Friends have asked how we’re affected, and I’ll say quite simply: We’re not. We live in a tower of mostly Western ex-pats, complete with a pool and an indoor playground. Transportation has been haywire, so Joe had to walk all the way home from work on Monday evening, when things were really crazy. Since the main street is shut down, the normally quiet winding road in front of our building is buzzing with cars. The playroom is overrun with too-rowdy older kids home since schools were closed, which, you know, is mildly annoying because it isn’t fun for Luca.
But that’s it. We’re fine. We’re safe. We’re just watching with interest to see what will come of this protest.
The students want full universal suffrage, what they say they were promised in the 1997 handover from the UK, but Beijing would rather pre-approve any candidates for chief executive, the top job in the Hong Kong Special Administrative Region.
We’re here in Hong Kong as guests. I have no stake in Hong Kong’s future other than as a resident of this world. But… come on, it’s a fight for freedom and democracy.
The journalist in me has been itching to visit the protests at night, hear the peaceful chanting with my own ears, see the waving cell phone screens lighting the night, and talk to students about what they hope will change with this giant sit-in.
Could this be the biggest nonviolent demonstration since Martin Luther King, Jr.? I just want to see it.
But consulates and embassies will always send out warnings to us, whichever country we’re posted: Even protests intended to be nonviolent can turn. Better to stay away from such crowds.
And I’m pregnant, so I would not want to risk exposing myself to tear gas.
Oh, did I bury the lead there? Yes, I’m pregnant. Expecting in spring. More on that later.
So I’ve been following the events on the news and Facebook, praying the Chinese army doesn’t decide to respond in violence. Praying that no violent-minded person or group darkens the tone.
On the news, the protests look pretty crazy, but from what I’ve seen and heard, these are just kids, students sitting under floodlights and doing their homework behind the barricades between chants and speeches. I’ve heard some news reports have referred to them as “riots,” which, wow—they are not, to my understanding. No broken windows, no looting, no violence. Perhaps it's the influence of years as part of the stereotypically proper Britain, but the protest is mainly polite, Hong Kong-British-accented kids blocking the road.
And while I won’t go down there at night to risk tear gas
and rubber bullets (or an international incident), Joe and I decided to wander
over this morning to see a piece of history.
Ok, before anyone freaks out (Mom, I’m looking at you), we visited the protests during the safest possible time: The morning. Night is where the action is, and this morning there were several little clusters of families checking out the scene. I saw a couple that looked like they were walking the normally-busy road for exercise.
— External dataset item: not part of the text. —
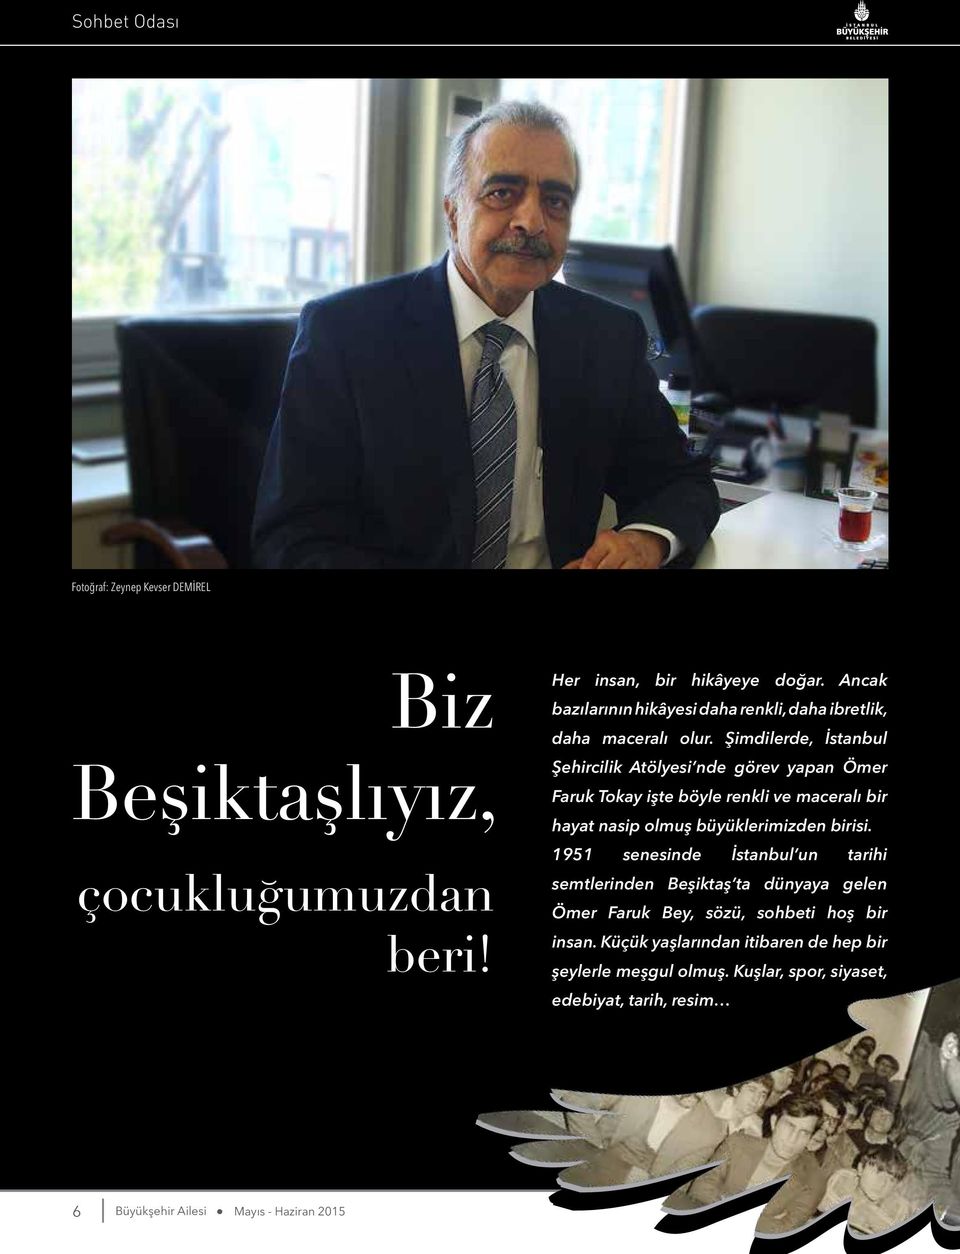 Şimdilerde, İstanbul Şehircilik Atölyesi nde görev yapan Ömer Faruk Tokay işte böyle renkli ve maceralı bir hayat nasip olmuş büyüklerimizden birisi.

We saw another young ex-pat girl pointing to signs hung on the overpass, translating the Cantonese to English for her parents and two younger sisters.

The scene was fascinating. We walked from our neighborhood right through the center of downtown on the main thoroughfare, which was neatly lined with groups of protestors. It was surreal, and an interesting view of the city at a standstill.
At first, it felt like a university quad, young people sprawled on cement barriers texting, others sitting around chatting. Some napping.

Except the mood was too muted. Too exhausted. These students have been living on the street for days. Groups of protestors sat under tent shelters manning stations of donated water bottles, snacks, and donated umbrellas.
Some manned stations to recycle cans and water bottles.

Others, wearing masks over their noses and mouths, collected trash in big black bags they organized in piles for removal to dumpsters down some alleys.

“Have you ever seen a protest like this?” A trash collector asked me after I snapped a picture of him and his friends throwing bags into the dumpster. He was clearly educated, with a pristine Hong Kong-British accent behind his face mask.
“I haven’t,” I said. “You guys are cleaning up trash—that’s pretty awesome.”
“Thanks,” he said.

It’s a conscientious crowd that clearly cares deeply for the city and hopes their civil disobedience will move the giant that is Beijing.
I saw one photo on Facebook of a police bus with an anarchy sign spray-painted in the front window. A strip of cardboard sat under the windshield wiper, a polite apology written in marker. “This doesn’t represent us,” the note read.
Another picture showed a few protestors trying to scrub clean a wall that someone else had sprayed with a red line, in anger over the police using tear gas.
Yet another showed protestors sharing umbrellas with police officers during last night’s thunderstorm.
Part of me felt strange for acting as the tourist in such a
protest. As a friend of mine pointed out: It’s not a show.
But actually, it is a show. It is a show to prove a point and to make a difference. They want people like me to go down there and see how orderly they are being. To snap pictures and to share them with people like you. To witness.
I have no idea what will come in the next few days—or rather, nights—but for now, what I see is a group of young people fighting for the future of their city, with probably the most well-mannered protest the world has ever seen.